Но не дадим себя отвлечь картинам медленно пробуждающегося города и продолжим свой путь к небольшому дому в окрестностях Лондона, а точнее — в Вустер-парке. Там, в просторной комнате на первом этаже, через полтора месяца после того, как Мюррей отправил ему свое отчаянное письмо, то есть как раз в тот день, который был назначен для прибытия марсиан, Герберт Джордж Уэллс спокойно спал, полагая, что новое утро, ожидавшее его за занавесом восхода, ничем не будет отличаться от других.

Исходя из того, что мы знаем о нем, мы ждем встречи с образчиком поистине счастливого человека: любящая жена безмятежно спит у него под боком, да и слава, к которой он стремился многие годы, наконец пришла, и он может купаться в ее лучах. Да, судьба улыбается Уэллсу, успех начинает согревать его озябшую плоть. Однако обстоятельства никогда не сделают счастливым того, кто по своей натуре не предрасположен к счастью, а Уэллс был рациональным, стоическим и опасливым человеком и потому склонным скорее не наслаждаться счастьем, а относиться к нему с недоверием. Воспользуемся тем, что он сейчас спит, чтобы попробовать разгадать, словно речь идет о не поддающемся расшифровке папирусе, его бедную и противоречивую душу, и попытаемся понять, почему, в отличие от своей жены, мирно спящей сном младенца, он беспокойно крутится в постели, словно расшатанный зуб во рту у ребенка.
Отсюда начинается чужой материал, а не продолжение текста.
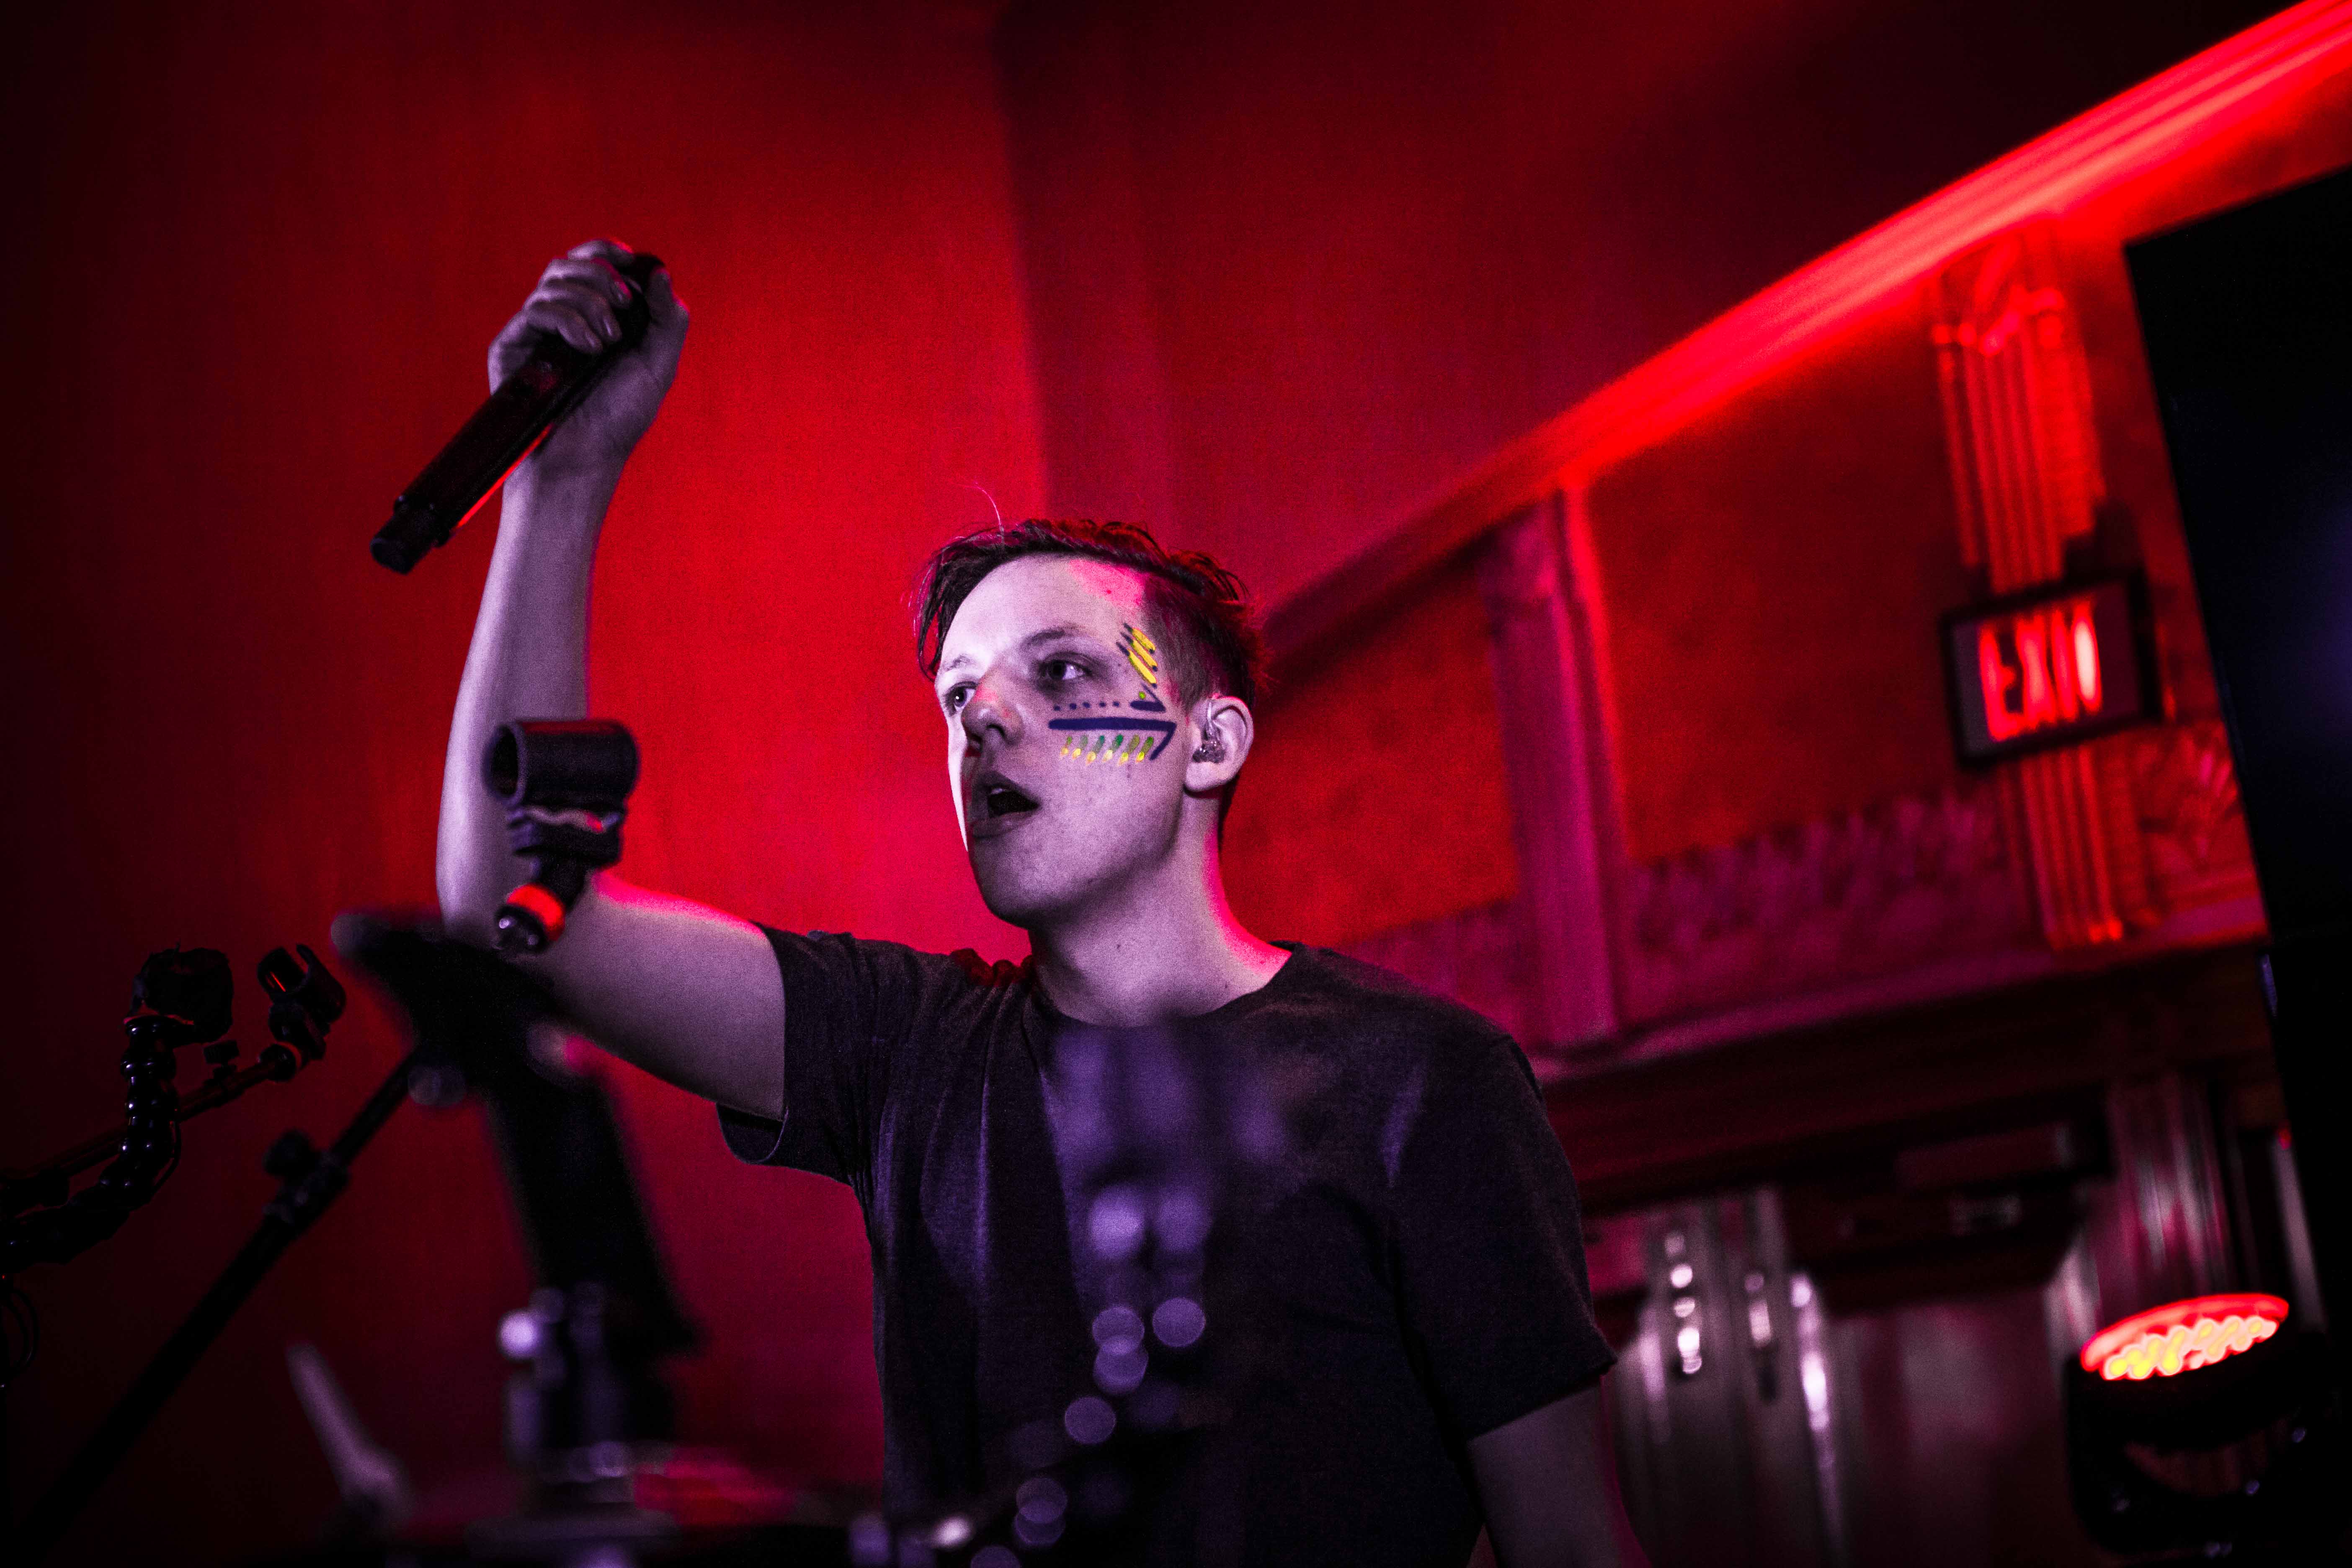 ROBERT DELONG BRINGS ONE-MAN ELECTRONIC ACT TO KIRBY LOBBY SERIES

Первым, что привлекало внимание среди многочисленных свойств и извивов его души, была удивительная коллекция комплексов, которые он старательно культивировал в себе и считал, что они превращают его в низшее существо по сравнению с прочими смертными. Уэллс был помешан на недостатках своей личности, и они внушали чувство, будто он попадает в невыгодное положение, когда приходит пора вступать в отношения с окружающими. В этом букете небольших и незаметных аномалий выделялись прежде всего две: разное фокусное расстояние в его глазах и, самое главное, странный дефект мозга, который мог казаться проницательным и дальновидным, когда того требовали обстоятельства, но не только был не способен удержать в памяти даты, цифры и имена людей или вдруг переставал работать, словно засорившийся водопровод, когда сталкивался с житейскими проблемами, которые мог решить буквально любой, но также приводил своего обладателя к мысли, что его впечатления об окружающей действительности не столь полны и ярки, как у других людей. Его мозг был поврежденным ситом золотоискателя, задерживающим речной песок и пропускающим крупинки золота. В итоге Уэллс выглядел слегка рассеянным и часто впадал в задумчивость, из-за чего казался неискренним или неестественным, когда проявлял интерес к другим людям. Короче, его способность ощущать эмпатию к ближнему равнялась нулю. Мы могли бы даже утверждать без боязни впасть в преувеличение, что ему не удавалось ощущать эмпатию даже к себе самому. И, наверное, для того, чтобы не стать для самого себя неразрешимой головоломкой, Уэллс отыскал физическое объяснение указанным изъянам. В частности, он подозревал, что дефекты его мозга объясняются тем, что размер его черепа меньше нормального, — достаточно было вспомнить насмешки друзей, когда они обменивались шапками во время игры, — а потому сонная артерия не снабжает серое вещество кровью столь щедро, как должна бы была. Однако что могли значить все эти комплексы для человека, осуществившего свою мечту и попавшего в число немногих избранных? Действительно, превращение в писателя следовало считать компенсацией за все его предполагаемые слабости. К сожалению, Уэллс был убежден в верности распространенного изречения «не согрешишь — не покаешься», ибо подозревал, что из всех населяющих нашу планету людей писатели — самые несчастливые.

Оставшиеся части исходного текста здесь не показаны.